I have much to add to all of these topics, please feel free to expand on any of these, and add additional decisions we should make.
What will release notes look like
There has been some discussion that the release notes are too long. On the one hand, more detailed release notes discourage people from reading them and are more work for translators. On the other, every change is important to somebody.
What will we use for language-loc codes
Fedora, ISO, and Publican all have different ideas about language-location codes. What will we do?
How should release notes be displayed
Currently, release notes and about fedora are displayed using yelp. The remaining documents are left for the user to discover in /usr/share/doc/HTML. What is the right answer?
Should we convert minor docs to Publican
README, README-burning-isos, README-live-images, homepage and About-Fedora are still produced using fedora-doc-utils. Should they be converted to Publican?
What is the future of homepage
It isn't entirely clear that this is even needed. Apparently, once upon a time in the distant past, an offline user was directed to homepage rather than seeing a network failure error. This is apparently no longer the case (although there doesn't seem to be total agreement on whether it is or is not). There appears to be no other way to end up at this page other than navigating /var/doc/HTML/...

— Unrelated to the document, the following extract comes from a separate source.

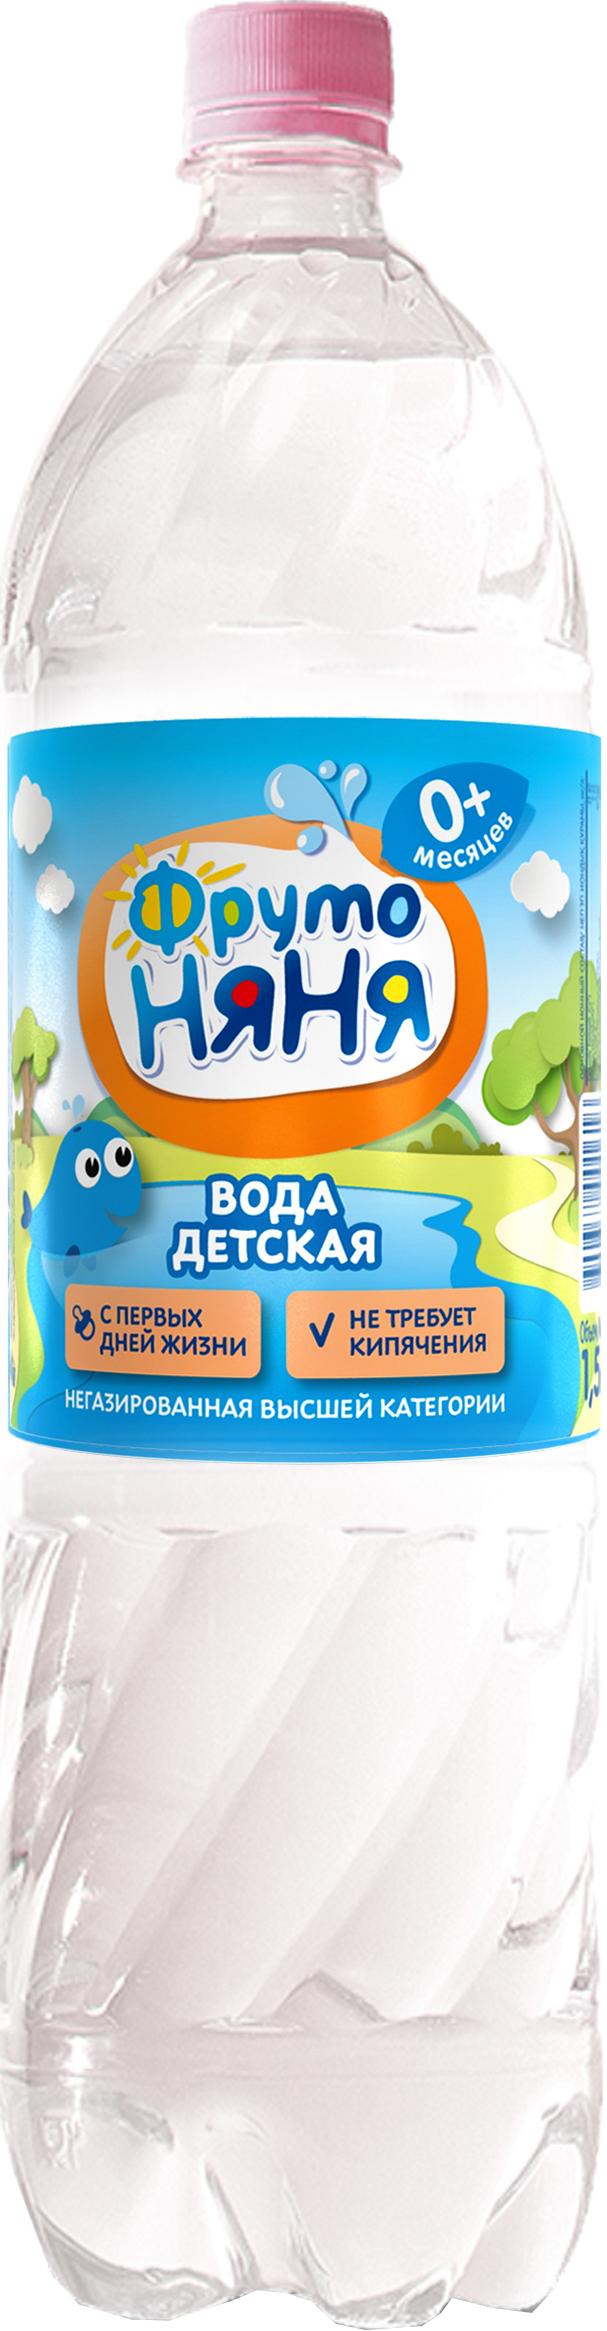 Вода Фрутоняня Вода ФрутоНяня 1,5 л молоко фрутоняня 2 5% с 3 лет 500 мл

This page may simply be excess baggage, but some may view the Firefox behavior of failing to end up at this page when the user is offline as a bug.
What does release-notes.srpm look like
Publican produces the rpm very differently than the way we used to. For F11, we more or less followed the model of F10 with the single change that the release notes (only one of 6 docs in release-notes.rpm) were built in the srpm. Previously, already built docs were provided.
Currently, the release notes and the supporting readmes are supplied in the RPM in all the languages (currently around 40). These are installed on every system. The Publican model is to have one document in one language per RPM. It had been suggested that we could subpackage the languages, allowing only the installation of the relevant language. While this could save considerable space, especially as the number of languages increases, it is not at all clear that current release engineering practices and tools could support this in actual practice.